Wednesday, March 13, 2013

Fighting "Comfortable" History

I just finished reading The Rebellious Life of Mrs. Rosa Parks by Jeanne Theodoris, and I highly recommend it for those who like to read good history and especially for those who are concerned about how history is sometimes manipulated to make it fit into a nice narrative in which we can feel good about our society.  Theodoris' thesis is that Rosa Parks was a life-long activist who did not simply feel "too tired" to get up from her seat. She was a strong civil right activist long before the Montgomery bus boycott and would be even more committed to the struggle for her people years after.

Most of this goes contrary to the story we have been told about Rosa Parks and provides a different perspective on our nation's slow-walk toward equality. It is also a myth perpetuated by scholars who find "comfortable history" more palatable than the story of a tough as steel woman who believed in self-defense, admired the young black power activists, who spent more time fighting discrimination in Detroit than Alabama, and whose hero was Malcom X. Too many Americans would find it difficult to accept this version because it points out the messiness of history, and reaffirms what most good historians know and that is that loose ends are not always neatly tied together in the end. More important, the story of Rosa Parks creates another strain within Ameican history that challenges the hegemonic narrative we push so hard in public schools and in many universities.

At the same time, we find that myth-making is not simply a task of American scholars and intellectuals. Currently, that is happening in Venezuela where El Comandante's followers are writing history for their next electoral campaign. In a few years all we will know about Hugo Chavez will be what will benefit the Chavistas in power--or if they lose the election, seeking power. Rosa Parks hated the fact that the story line was that she was tired from working hard when in reality she was tired of being discriminated against. For Chavez, embalming someone and putting them in display was one more symbol of capitalist debauchery. Now his enemies will have another example of El Comandante's "socialist contradictions" to point out.

Too often historical figures become footnotes in a history that we can manipulate for our own politics and our own causes. We create an overarching narrative or paradigm and find the people and events, fine tune them, or blatantly manipulate them, and proclaim it history. Most all of us are guilty of it in one form or another but some of us try to keep to the "truth" as closely as we can, while others simply rewrite it as most scholars have done with Rosa Parks and most Chavista historians will do with Hugo Chavez. And with today's post-modernist notion that there is no truth except interpretation it has become much easier to do so. Conservative and liberal historians use to simply leave out things, today's historians simply interpret them which ever way they want.

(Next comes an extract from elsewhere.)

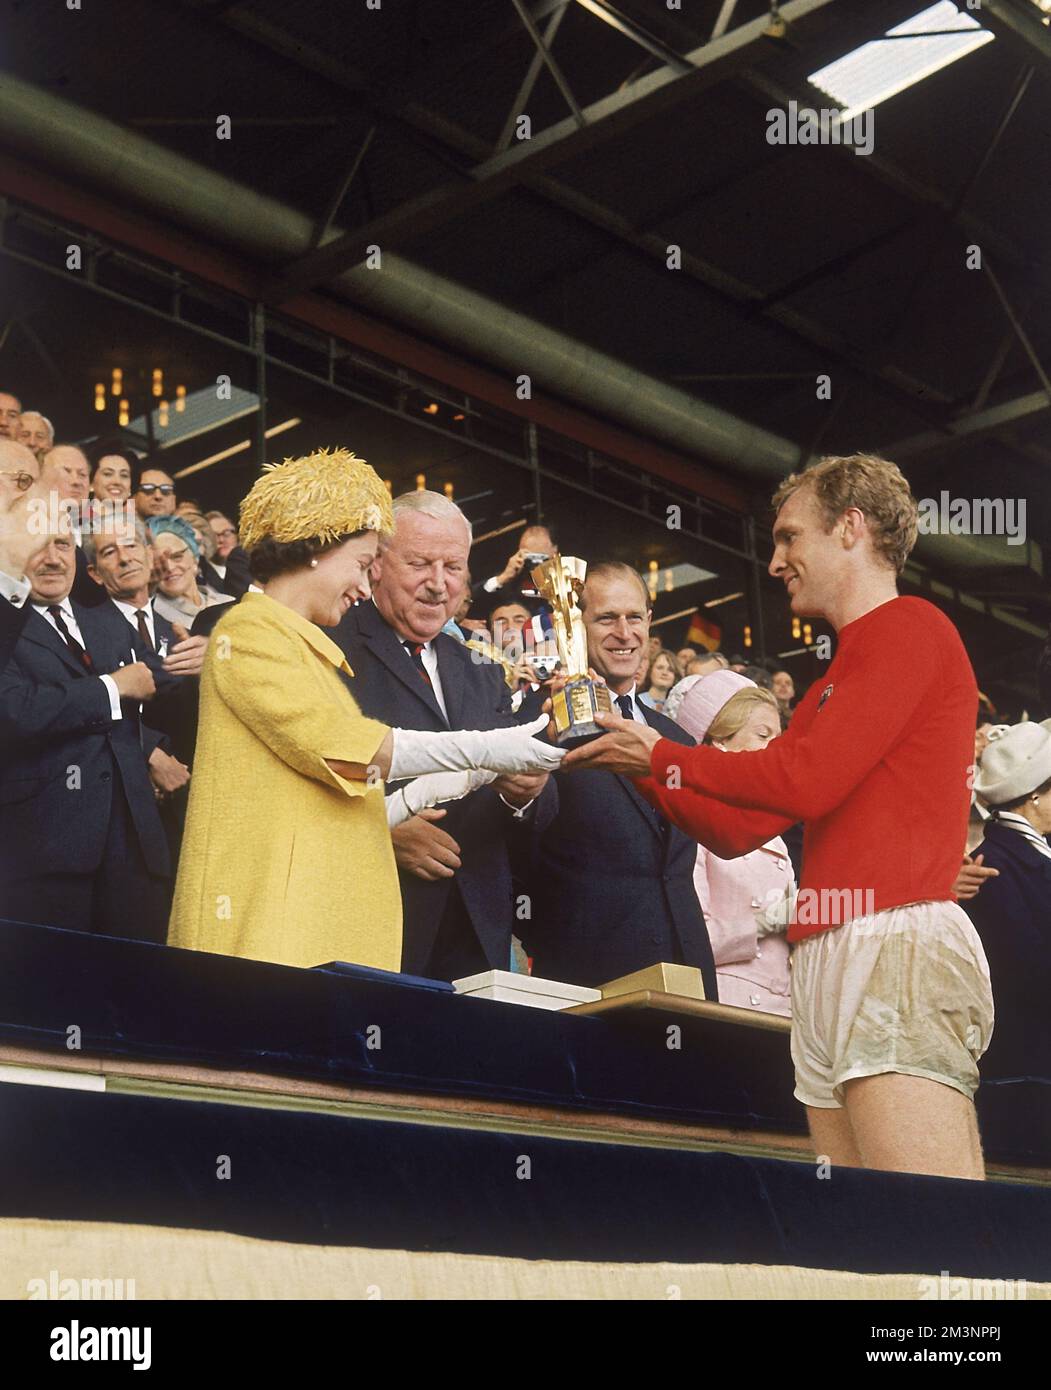 Finale di Coppa del mondo 1966. La regina Elisabetta II presenta il trofeo di Coppa del mondo (Jules Rimet Trophy) al capitano d'Inghilterra Bobby Moore, vincitore dopo aver vinto la partita contro la Germania Ovest allo Stadio di Wembley, Londra, il 30 luglio 1966. Data: 1966 Foto Stock

While no doubt that much truth is in the eyes of the beholder there are facts that cannot be ignored. We can interpret Rosa Park's actions which ever way we want, but we cannot ignore what she said about those actions over and over again. We can argue that black power advocates hated traditional civil rights advocates but we cannot argue that those traditional advocates and those black power activist met numerous times, held conferences together, or worked with each other in particular issues. We can say racism was a "southern thing" but we cannot deny the rampant discrimination, segregation and police brutality in the north. We can say that Martin Luther King, Jr. was a man of peace and nonviolence and that he loved this country, but we cannot erase his words to the effect that American was one of the worse killers of innocent people in history. We can now claim him as an American hero but we cannot forever hide the polls taken during his time which showed him to be one of the most hated men among Whites.

Yes, we can manipuate intepretations but we cannot erase facts, documents, speeches and personal words even if we do choose to hide them. In the end, history is not "comfortable" for the human species. And no good scholar or writer should ever be part of a historical and scholarly approach that tries to make it so. We might be strongly conservative, liberal, left or whatever ideology we believe in, but that does not give us the right to consciously lie, distort or misinterprest. If we really believe that what we write is the "truth" or the right solution, we ought to have the faith that it will make a difference. Or as the apostle John said, that it will make us free. To say we believe in something or someone and then manipulate the facts in order for that something or someone to prosper unfairly is an admission that we don't have faith in what we believe. Sure, truth does not always triumph but trying to tell the truth is liberating to us and to the causes we espouse.

I always remember an old Chicano activist who saw himself as the ultimate socialist. He preached the poor people's ability to see through the lies of the politicians. And he knew they would pick his candidate, but he helped the truth along by ripping down all the opposition's posters and did everything to prevent the other side from participating in the public debate. So much for the faith in his cause. Today, he is just another rich lawyer. If we don't believe in what we preach or write then we shouldn't write or preach it. And if we find ourselves writing a history that fits comfortably into a narrative we know not to be fully true, then we ought to take a hard look at what we are doing.